Господи, как умирать неохота! Эх, Мишка, Мишка, ну что же ты натворил?

И, словно молнией, стрельнула запоздалая мысль, от которой похолодело в животе.

Мишка! Как он там? Что с ним?

Чекист наверняка арестовал. Закроет в железном ящике, и забудет как того армяшу на солнцепеке…

— Лидия Андреевна, — пронзительно заверещал Василий над самым ухом, — идите скорее сюда, Стив очнулся.

Надо же, оклемался студент, ты посмотри какой звонкий стал.

Стивен сделал вялую попытку сесть, но сильные и одновременно нежные женские руки удержали на месте.

— Рано тебе ты еще вставать!

Кашель постепенно стих, но боль никуда не ушла, в отличие от сознания, которое так и норовило соскользнуть в блаженную темноту небытия. Туда, где тишина, покой, и совершенно необязательно дышать…

Нет, одернул себя Стивен, дышать как раз нужно. Дышать — это обязательно. Иначе — смерть.

— Как ты себя чувствуешь? — спросила Лидия Андреевна. Лицо совсем рядом, усталое, осунувшееся и все равно манящее. Глубокие морщины на лбу, большие красные от недосыпания глаза, шелушащаяся кожа на щеках. Жестокое африканское солнце не щадит никого, ни молодых, ни старых, ни мужчин, ни женщин.

Чтобы ответить, пришлось вдохнуть полную грудь обжигающего пустынного воздуха, сдержать подступающий приступ и только после этого выдавить жалкое:

— Хреново.

Как же больно говорить!

Нужно точнее подбирать слова и составлять фразы покороче. На длинные не хватает дыхалки.

— А ты везучий, Стив, — засмеялась Лидия Андреевна, — situs inversus. Транспозиция внутренних органов.

Бог мой, о чем это она так весело щебечет? Ничего не понимаю.

Мишка выстрелил почти в упор, легкое пробито, сердце наверняка задето. Я сам знаю, что это конец. Если бы в больнице или в военном госпитале, может и откачали бы… а посреди пустыни — шансов никаких.

Не удержался, переспросил:

— Что… это?

— Зеркальное расположение внутренних органов. Если объяснить просто, у тебя сердце находится справа, а печень слева. Везунчик!

Несколько секунд честно пытался осмыслить только что произнесенные слова.

У тебя сердце — справа.

Ничего непонятно. Как сердце может быть справа? Оно ведь слева.

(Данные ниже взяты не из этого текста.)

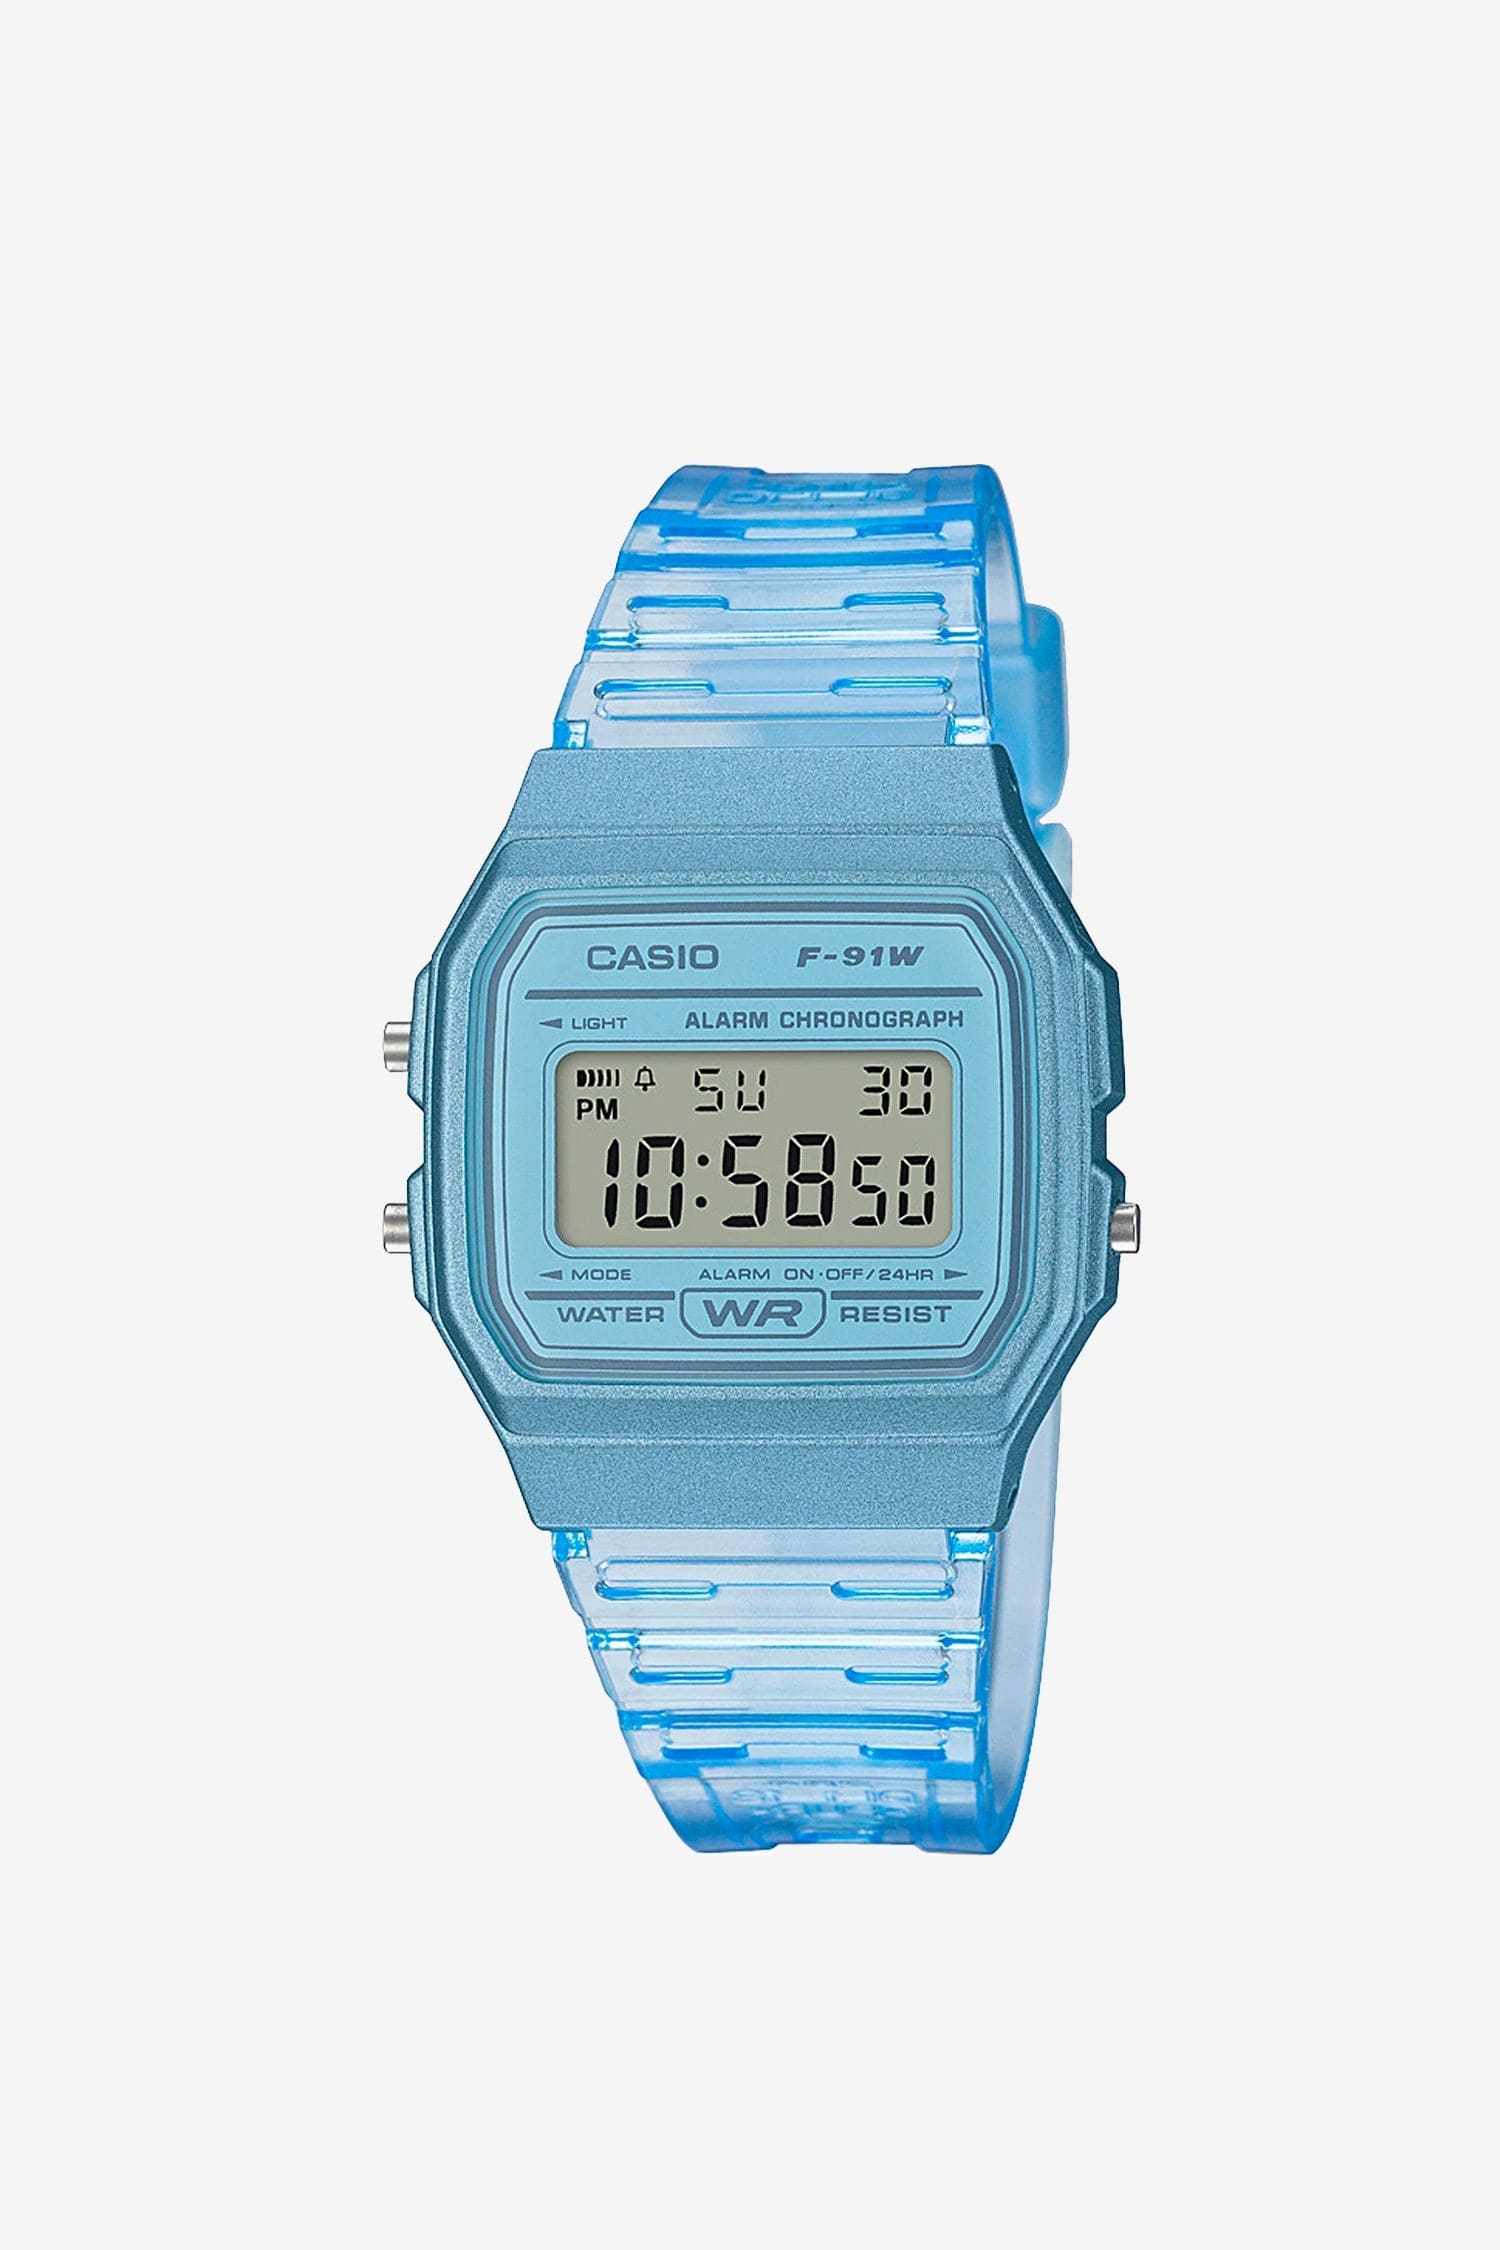 WCHD7CF -カシオユニセックスデジタルクリアジェリーストラップ腕時計

Пуля вошла в левую половину груди и это значит…

Черт! Да что она такое говорит?

У меня сердце находится справа? Подожди, а так вообще бывает? Может быть это просто сон? А на самом деле, я все еще валяюсь между двух грузовиков рядом с телом Иваныча, и угасающее сознание цепляется за соломинку, бредит надеждой на спасение и выдумывает всякую ересь.

Справа…

Но если так, тогда есть совсем крошечный шанс…

Забывшись, вдохнул чуть сильнее, и его опять накрыл бесконечный приступ изнуряющего кашля. Словно раскаленный металл плеснул в грудь, опоясал кольцом всепроникающей боли. Сдавил, словно удав кролика. Того и гляди, кишки полезут из ушей.

Нет, это не сон и не горячечный бред. Ни в одном сне не бывает так больно. Значит, еще поживем. Если сердце не задето, значит пока не умираю. А легкие — заживут. Будет, конечно, очень больно. Но боль — ерунда. Можно потерпеть.

Попробовал улыбнуться, но не смог. Мышцы совсем не слушаются, всю рожу перекосило и губы обветрились, покрылись сухой коркой.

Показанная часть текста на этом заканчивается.